(Items listed in a dataset)

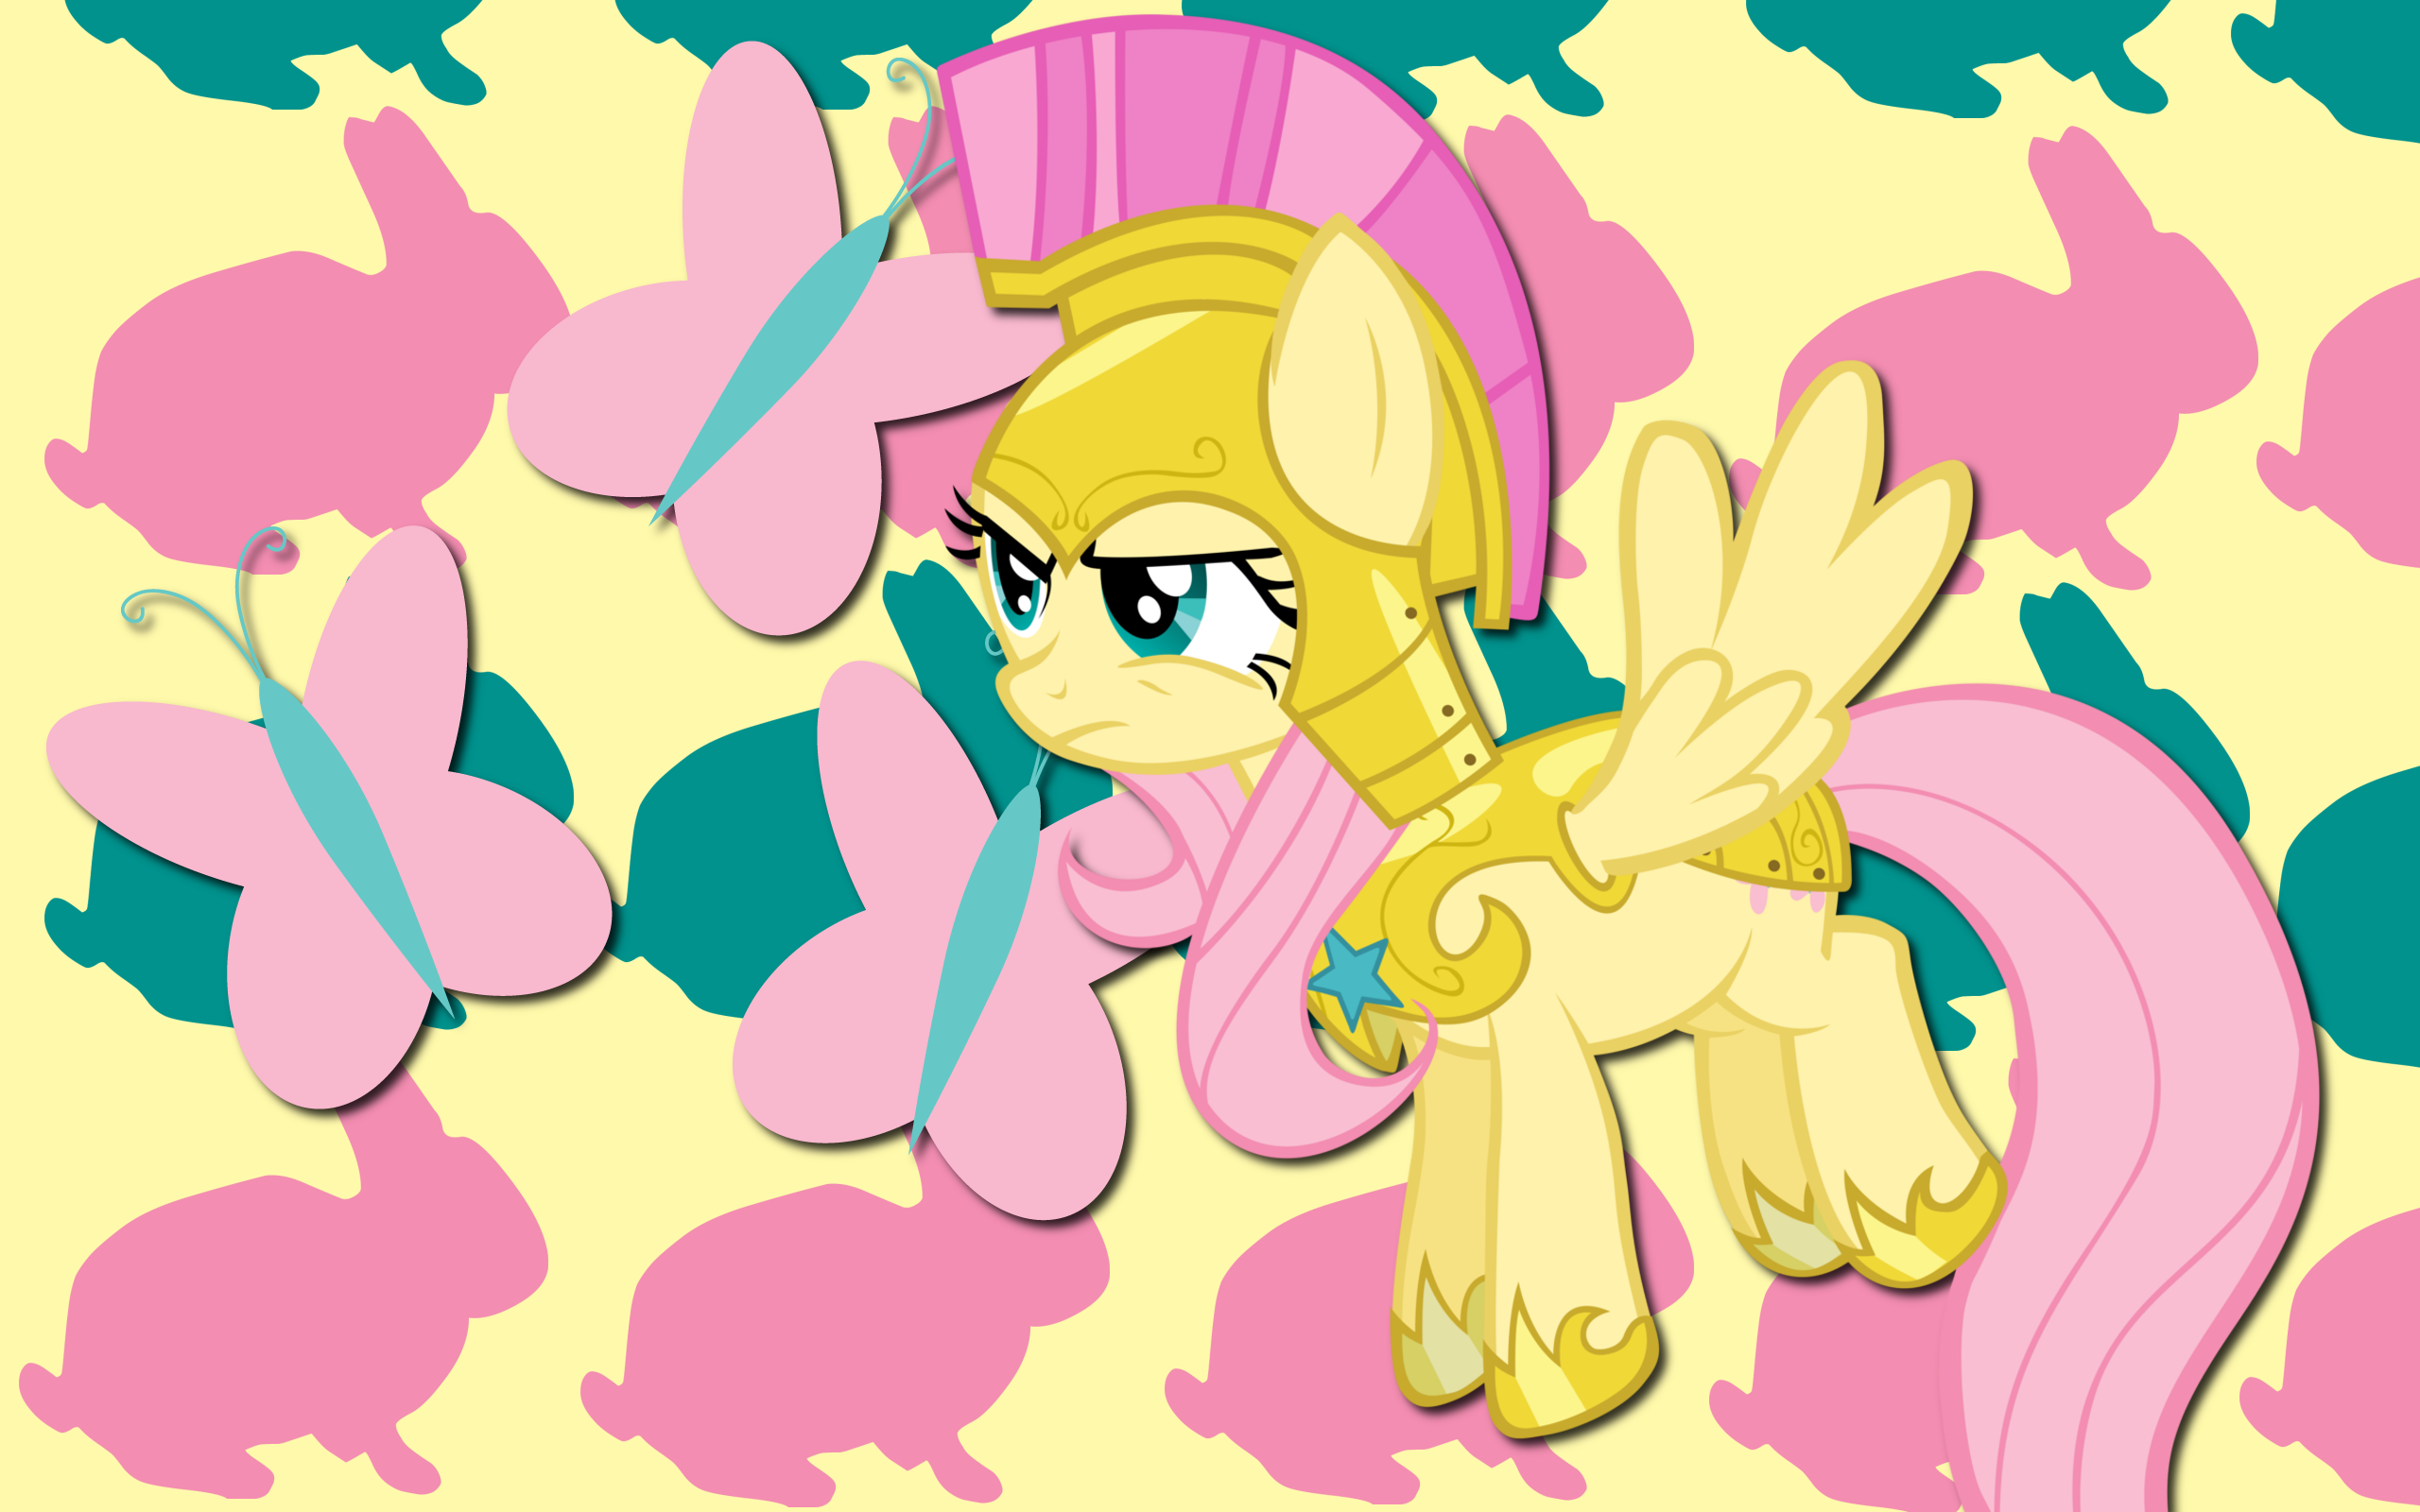 Guard Fluttershy WP by AliceHumanSacrifice0, ooklah and Spaceponies
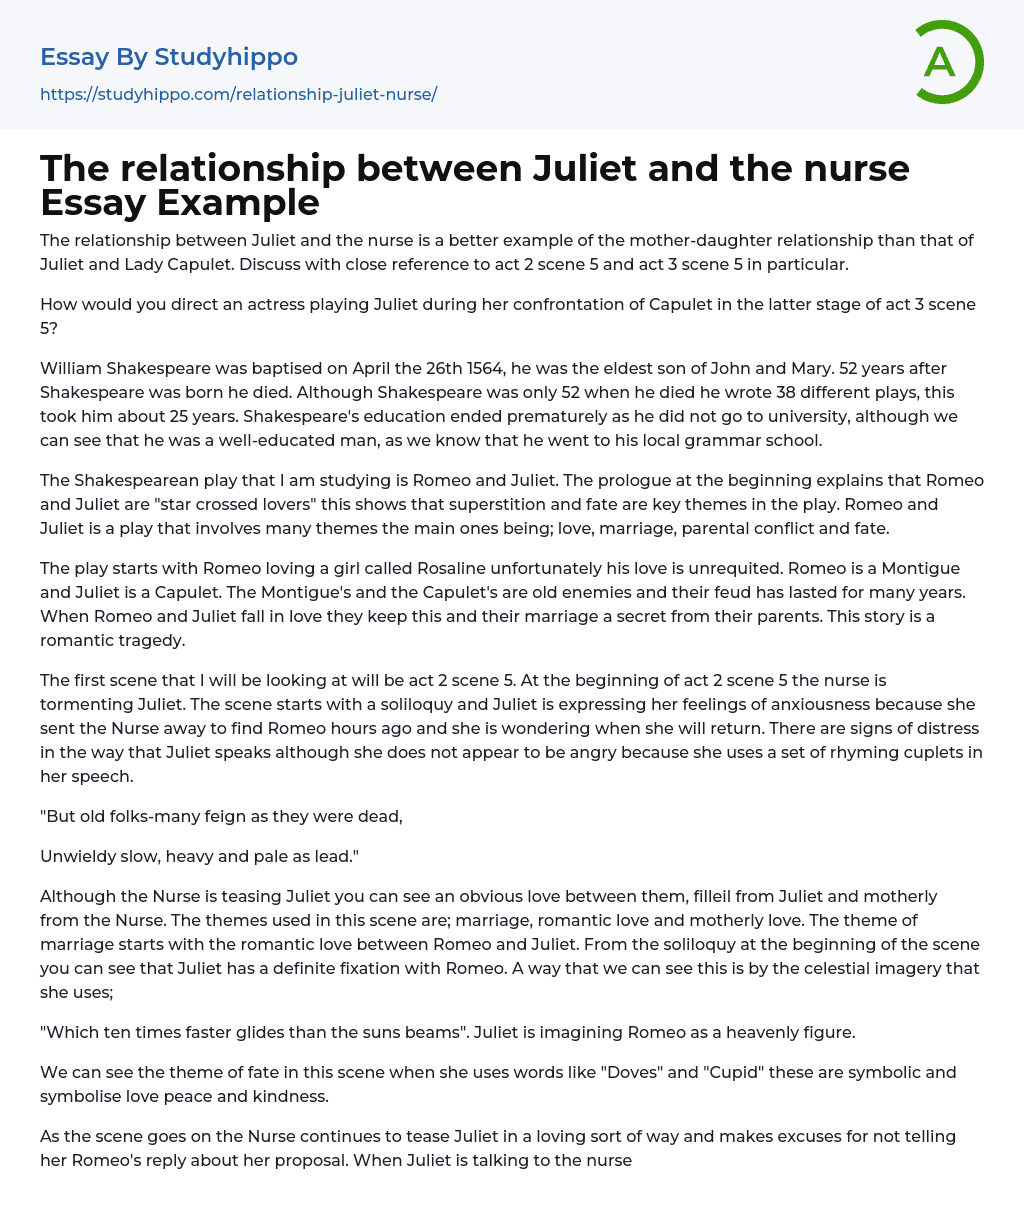 The relationship between Juliet and the nurse Essay Example
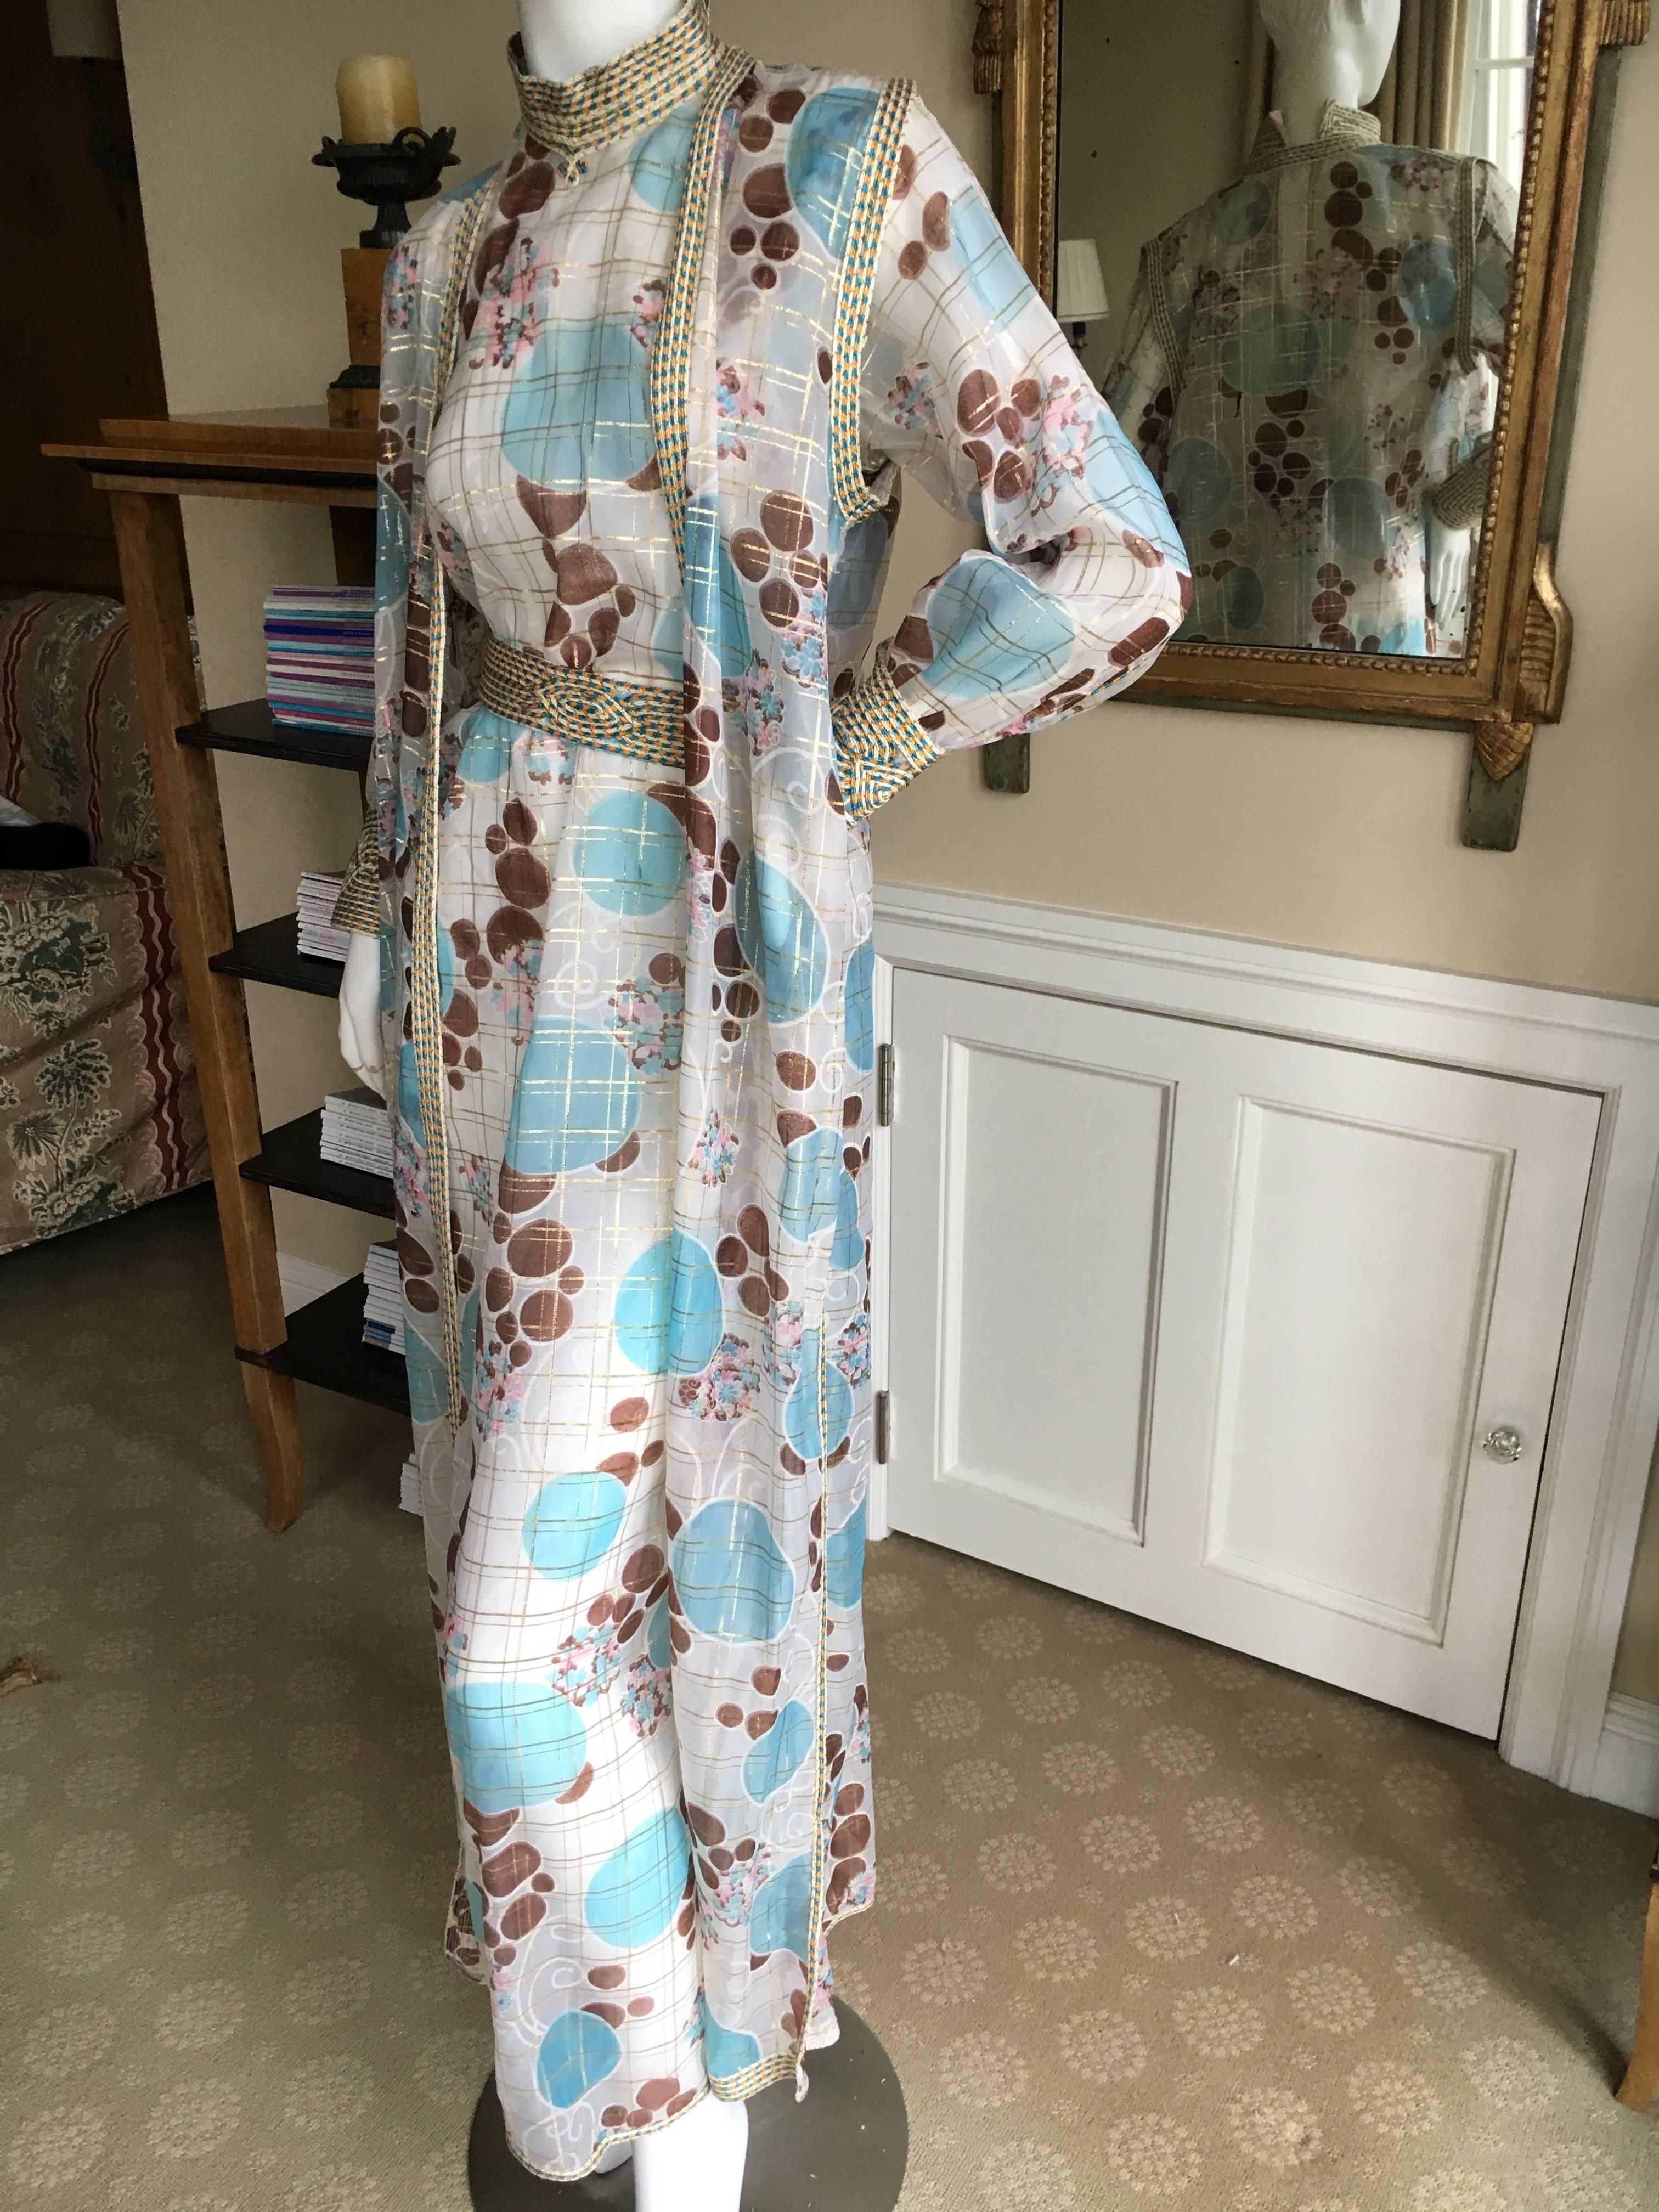 Wonderful sheer three piece evening dress / caftan from Adolfo circa 1977.
There is a dress, sleeveless vest and matching belt.
Bust 38"
Waist 42"
Hips 44"
Length 57"
Excellent condition

▶ [WHAT THE TASK ASKS]: All of the lines above should be printed exactly, minus the pictures.

▶ [RESPONSE TO THE EXERCISE]:
 Guard Fluttershy WP by AliceHumanSacrifice0, ooklah and Spaceponies
 The relationship between Juliet and the nurse Essay Example
 Wonderful sheer three piece evening dress / caftan from Adolfo circa 1977.
There is a dress, sleeveless vest and matching belt.
Bust 38"
Waist 42"
Hips 44"
Length 57"
Excellent condition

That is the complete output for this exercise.